Wednesday, June 2, 2010

Why I Write What I Write


I've said in this forum and others that I wish I could write something "more meaningful" than light romance. This is a position I've slowly eased away from over the last two years as I realize that every writer has their niche and forcing anything else will land you with nothing more than forced prose. Yuck.

So, then I had to wonder--WHY do I write light romance? Considering that I've never dated, it's kind of an odd genre choice for me. Maybe I'm trying to fill some psychological desires, who knows? Then, the other night, my husband and I had an interchange in the kitchen that made me realize where my inspirations come from.

The scene: I'm in the kitchen, emptying the dishwasher, when my husband wanders in for a glass of water.

He presses his glass against the dispenser in the refrigerator door and gets the usual cacophony of the ice machine. Nothing falls in the glass.

"Huh, that's weird," he says.

Comprehension dawns, and I stifle a laugh. "I may have put another Popsicle in the ice chute."

(The important fact here is that I put a Popsicle in the ice chute the day before, which resulted in his receiving the plastic tube of partially eaten red juice along with a handful of ice cubes in his glass--an incident which confused him a great deal until I explained.)

His expression goes from confusion to annoyance in the span of a second. "Why did you--?"

I cut him off, "I won't do it anymore!"

He makes a huffing sound that would make a thirteen year old girl proud.

"Would it help if I flashed you?" I offer.

"It wouldn't hurt," he says, but he's not looking at me, because he thinks I'm lying.

So I flash him.

He catches the movement out of the corner of his eye and snaps his head around, grinning.

Then he opens the freezer door. The Popsicle has formed a dam (pretty damn impressive consider it's about a half inch thick) and all the undispensed ice is backed up behind it. Ice explodes out from the tray, rattling across the floor, and cracking him on the knuckle of one bare toe.

This time, I get the full stank eye.

"I said I won't do it again!" I protest.

Another Junior High huff. "I just hope it isn't broken."

"I highly doubt one Popsicle could break the whole ice machine."

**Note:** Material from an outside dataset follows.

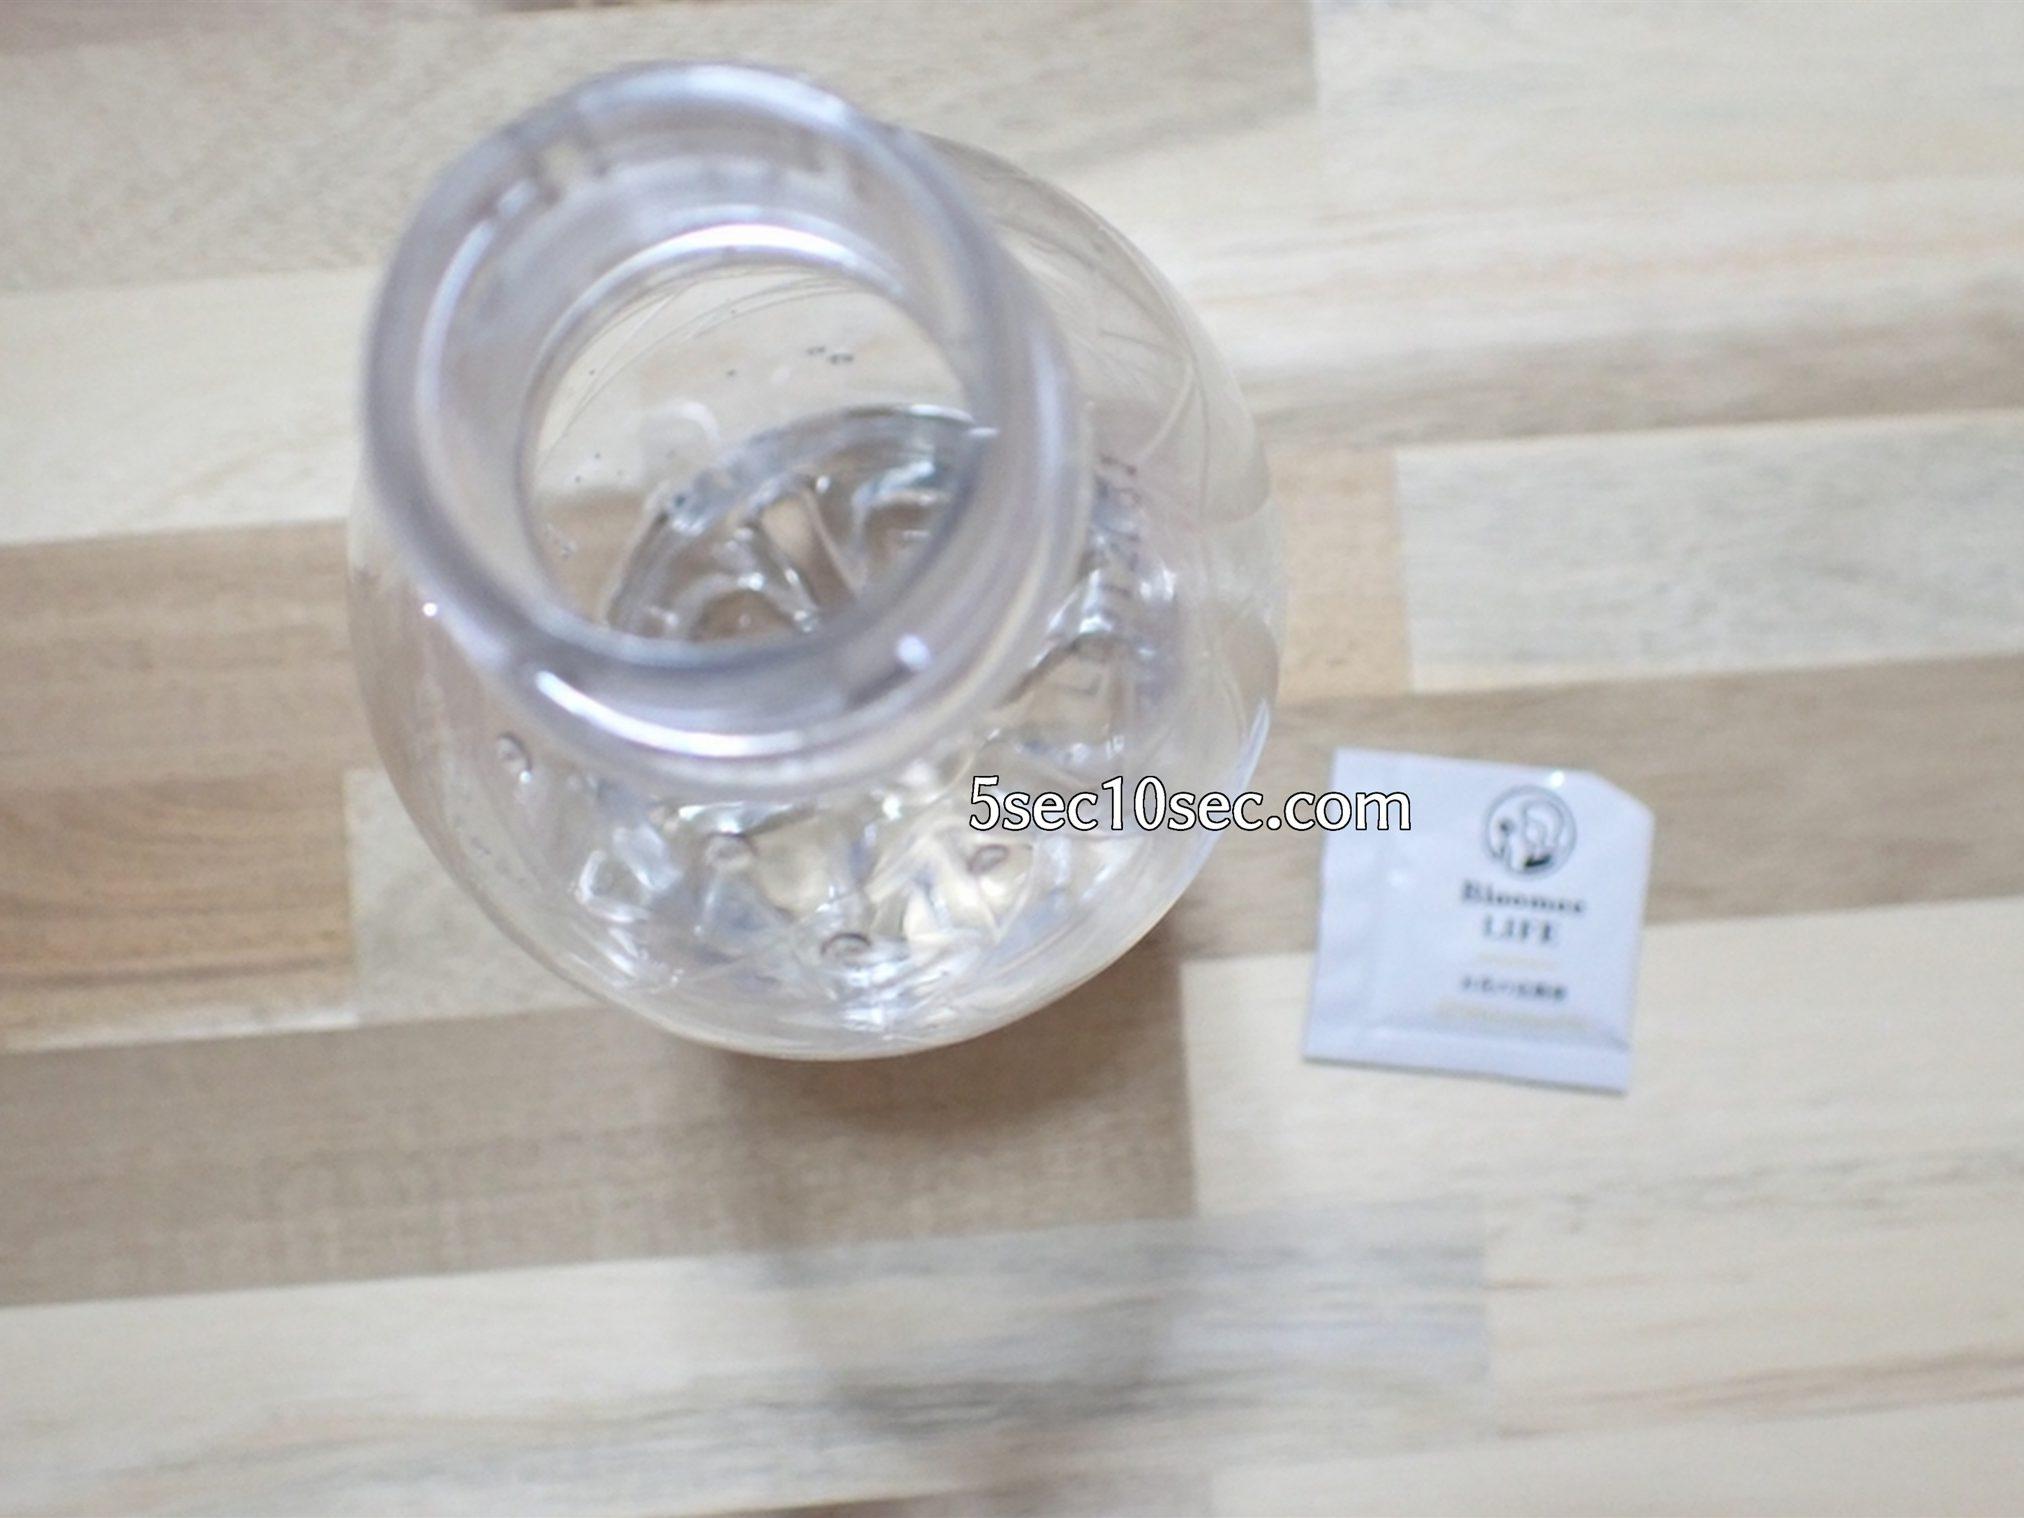 株式会社Crunch Style お花の定期便 Bloomee LIFE ブルーミーライフ 800円のレギュラープラン オリジナルのお花の栄養剤はペットボトルに作っておくと数回使えます

But when he's got all the ice scooped out of the chute and the door closed again, the dispenser only churns, but doesn't drop a single cube in his glass. He glares at me.

So, I have to throw a Hail Mary. "Wanna see my boobs again?"

* * *

Romantic? Not really, but I can certainly imagine myself writing a similar scene in one of my books. So, I guess I'm writing what I know. With a heavy coating of imagining to fill out the rest.

I'm going to get the stank eye for writing this in my blog, I'm pretty sure. Luckily, boobs never seem to lose their charm.

Does your art imitate your life?

- Liz


3 comments:

Kristan said...

My art definitely imitates my life, and I think you're right, it's a way of writing what we know. That said, I don't think it necessarily "limits" us. I mean, Neil Gaiman didn't live in a cemetery, right? But I'm sure there are plenty of elements in his Graveyard Book that he "knows" about.

Also, lol, boys are so easy. Boobs make everything better.

Liz Czukas said...

@Kristan - so true. About writing and boys. LOL

@MJ - well, after dismantling the whole shebang and cleaning it, it's working again. I maintain it was not my fault. Simply coincidence.

Eleven Eleven said...

I get the stank eye over electric blue Trix yogurt in the carpet, or root beer in the car mats, but I've never clogged an ice chute. Doesn't mean I won't eventually. With my absent-minded professor brain, it's bound to happen someday.

I think you write what you do because you like sex and you like people, and you have a brilliant sense of humor about both. You make a relationship between a man and a woman look like fun.

I'm still intensely jealous of your lighthearted magic and mimic as often as I can get it to come off authentically.

Oh, and my I-am-a-real-person word should be included in the dictionary. Nersh: an exclamation of frustration used when a foam football gets stuck in a tree.